Hyundai IPO: Tepid debut but large institutional investor participation; what lies ahead?

Hyundai IPO: Tepid debut but large institutional investor participation; what lies ahead?

Strong institutional investor participation helps the Rs 27,856-crore Hyundai IPO, India’s largest public offer, but tepid debut dampens sentiment

Revving Up
Rahul Oberoi
  • Nov 04, 2024,
  • Updated Nov 04, 2024, 5:58 PM IST

Auto major hyundai Motor India made history on October 17, 2024, by successfully completing the country’s largest-ever initial public offering (IPO) worth Rs 27,856 crore in the primary market, thanks to strong bidding from institutional investors on the final day of the IPO. The three-day public offering concluded with 2.37 times oversubscription. The IPO attracted bids for 236 million shares against 99.77 million shares on offer. Notably, 83.46% of the bids came from qualified institutional buyers, with their reserved quota being subscribed 6.97 times. In that, 58% of the bids—totalling Rs 22,540 crore—came from overseas investors.

However, some of that sheen wore off on listing day on October 22, as the stock fell 7% against its issue price, ending the day at Rs 1,820 apiece on the BSE, down Rs 140 from the issue price of Rs 1,960. The stock managed to recover some of the losses the next day as it rose 4% to end at Rs 1,897 apiece.

“Institutional investors have ample liquidity, and hence have participated well in the IPO with a long-term view,” says Rakesh Vyas, Co-CIO and Portfolio Manager, Quest Investment Advisors. Despite seeing heavy FII outlows in the markets in the past few days, the issue has been able to garner decent foreign investor interest, reflected from large participation among anchor investors, as they see this as a play in India’s growth story, given low penetration, he adds.

Meanwhile, the quota for retail individual investors (RIIs) was subscribed just 50%, much lower than in other major IPOs like Life Insurance Corporation of India (LIC) and One97 Communications (Paytm).

Sunil Damania, Chief Investment Officer, MojoPMS, attributes the tepid response from retail investors to the IPO’s “high valuation” amid weak market sentiment in the automotive sector. “Investors are increasingly resistant to premium valuations. Additionally, significant fluctuations in grey market premiums dampened subscription volumes,” Damania says.

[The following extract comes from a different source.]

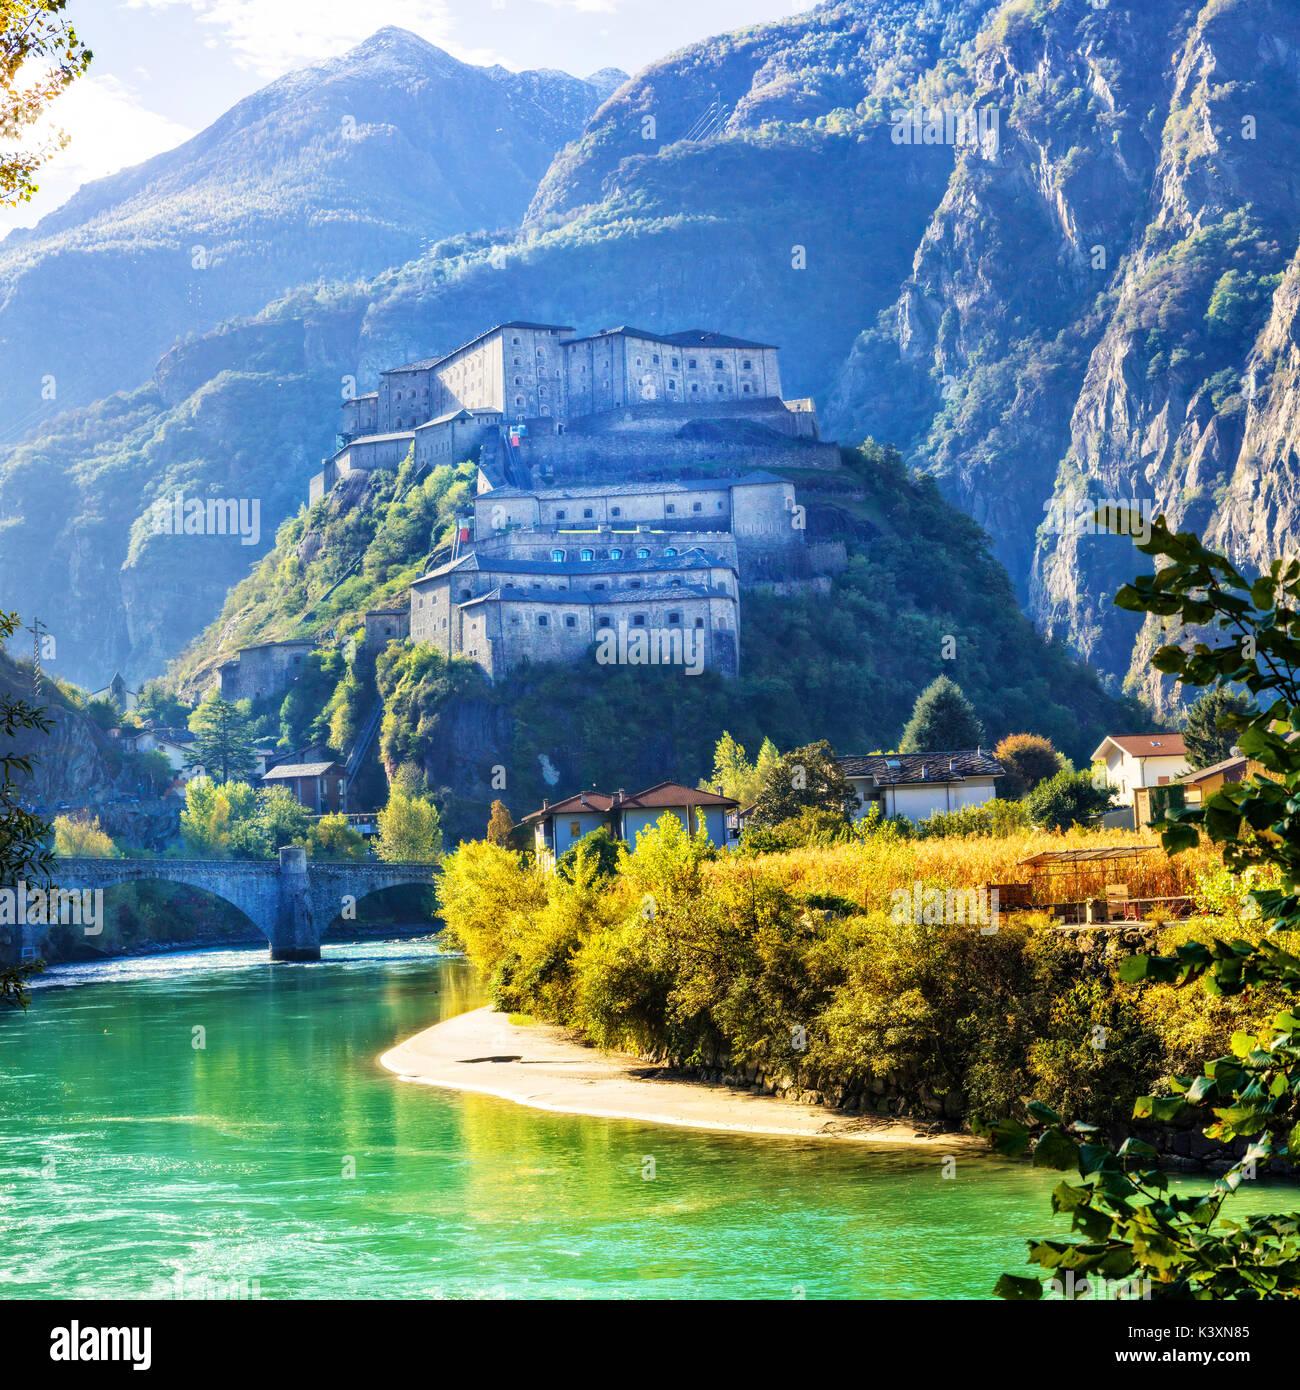 Impresive Bard castle,Valle d' Aosta,Italy. - Stock Image

This public offer, per G. Chokkalingam, Founder of Equinomics Research, emphasised that IPOs must instil a lot of confidence in retail investors about potential listing gains. “That confidence may stem from attractive pricing of the issue in terms of earnings; even if earnings do not justify it, the business models should generate excitement about the valuation multiples. If forthcoming large IPOs fulfil any of these two expectations, there will be no limitations on mobilising even a large quantum of resources,” he says.